November is Family Stories Month, so I thought I would take the opportunity to highlight one of my all-time favorite types of stories: the generational saga. A generational saga is a story that unfolds through several generations. We not only learn about certain characters, but we also follow the stories of their children and their children’s children. It’s fascinating to see how both interwoven each family member’s stories are and at the same time, unique. Each generation may face similar struggles, but the world around them evolves and that affects how their lives evolve, too. When I read books like these, I can’t help but think about my mother’s life and her mother’s life and how little I really know about them.

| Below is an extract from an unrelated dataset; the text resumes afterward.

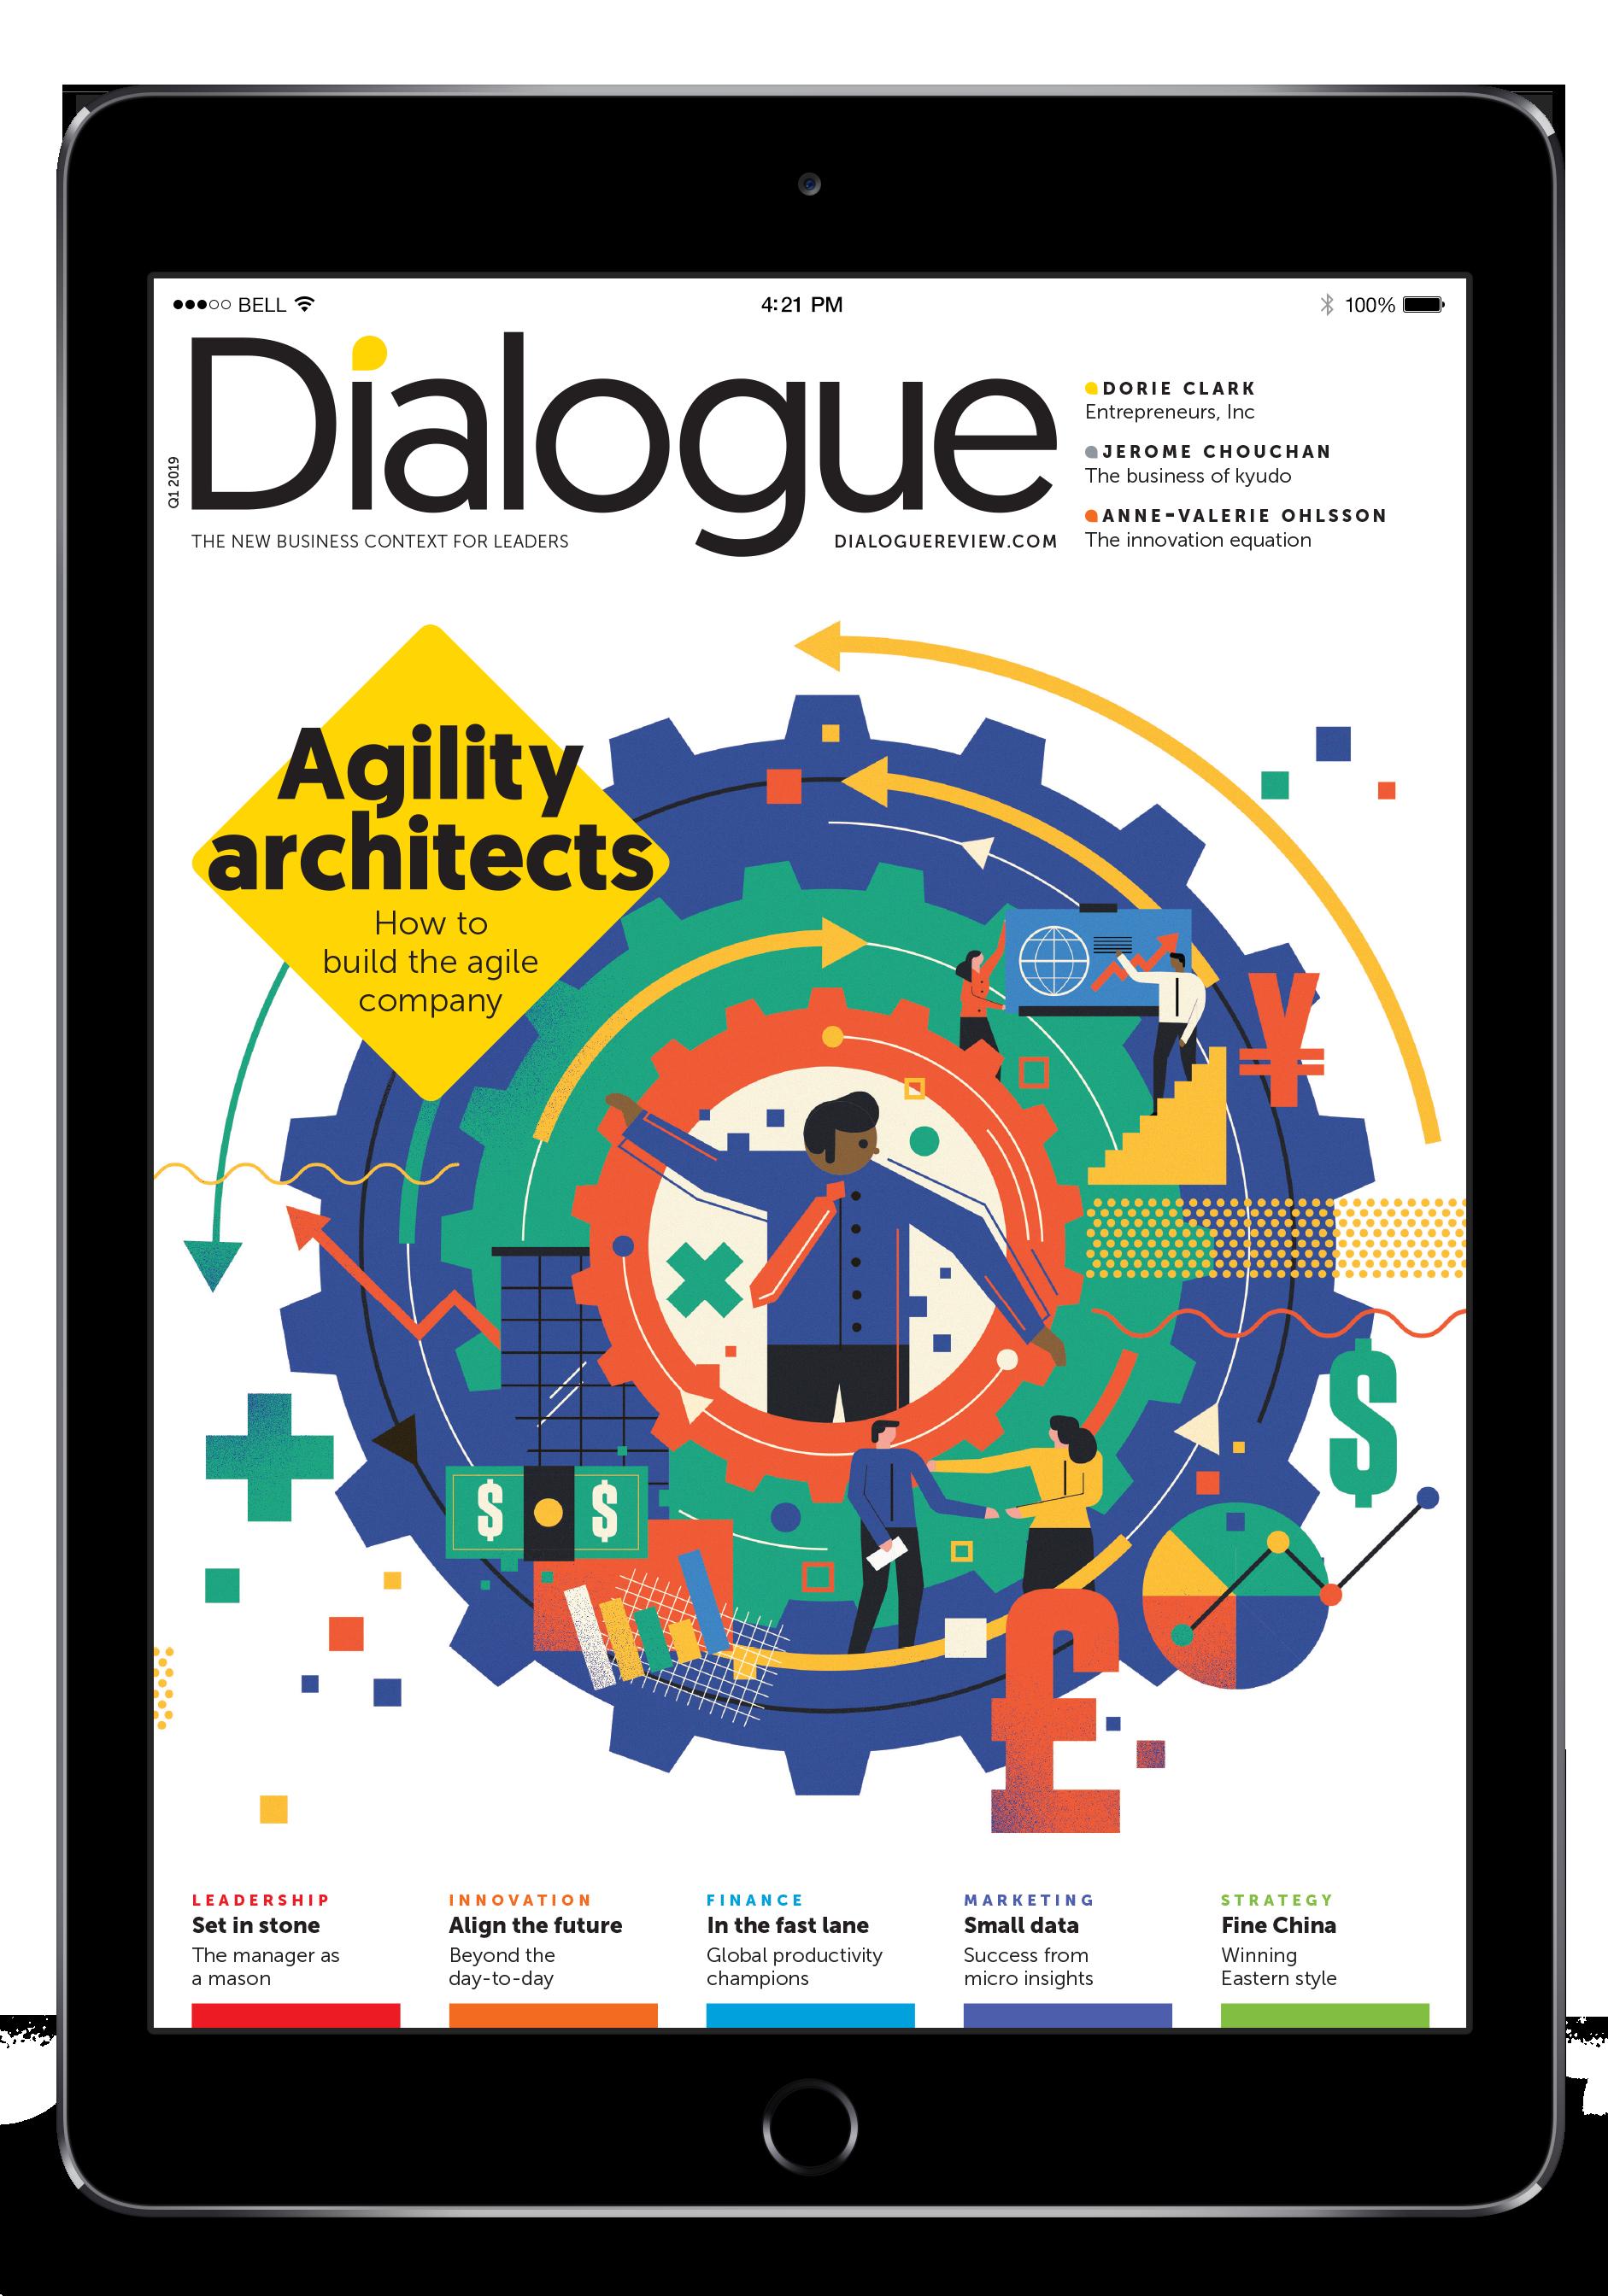 Home Duke Corporate Education Leadership For Whats Next Electronicsprojectsinpunejpg Dialogue

One Hundred Years of Solitude
by Gabriel Garcia Marquez
one hundred years of solitude
This is usually the first book that comes to people’s mind when they hear the words “generational saga”. It is also renowned as an example of magical realism, a literary genre that combines the real world with magical elements. It tells the tale of the Buendía family and begins with the character José Arcadio Buendía who founded the fictitious town of Macondo in the country of Colombia. The story follows José Arcadio’s life and subsequently, six more generations of his family’s life in Macondo. It is an enthralling read, though I will warn the reader: most copies of this book contain a family tree and you will absolutely keep returning to it throughout your read. Not only are seven generations of characters a lot to keep track of, but this is a family that likes to repeat names…a lot. It’s one of those books that are on many must-read lists, and I can say that it rightfully belongs on those lists. You can borrow it as a digital audiobook from eLibraryNJ or eBCCLS.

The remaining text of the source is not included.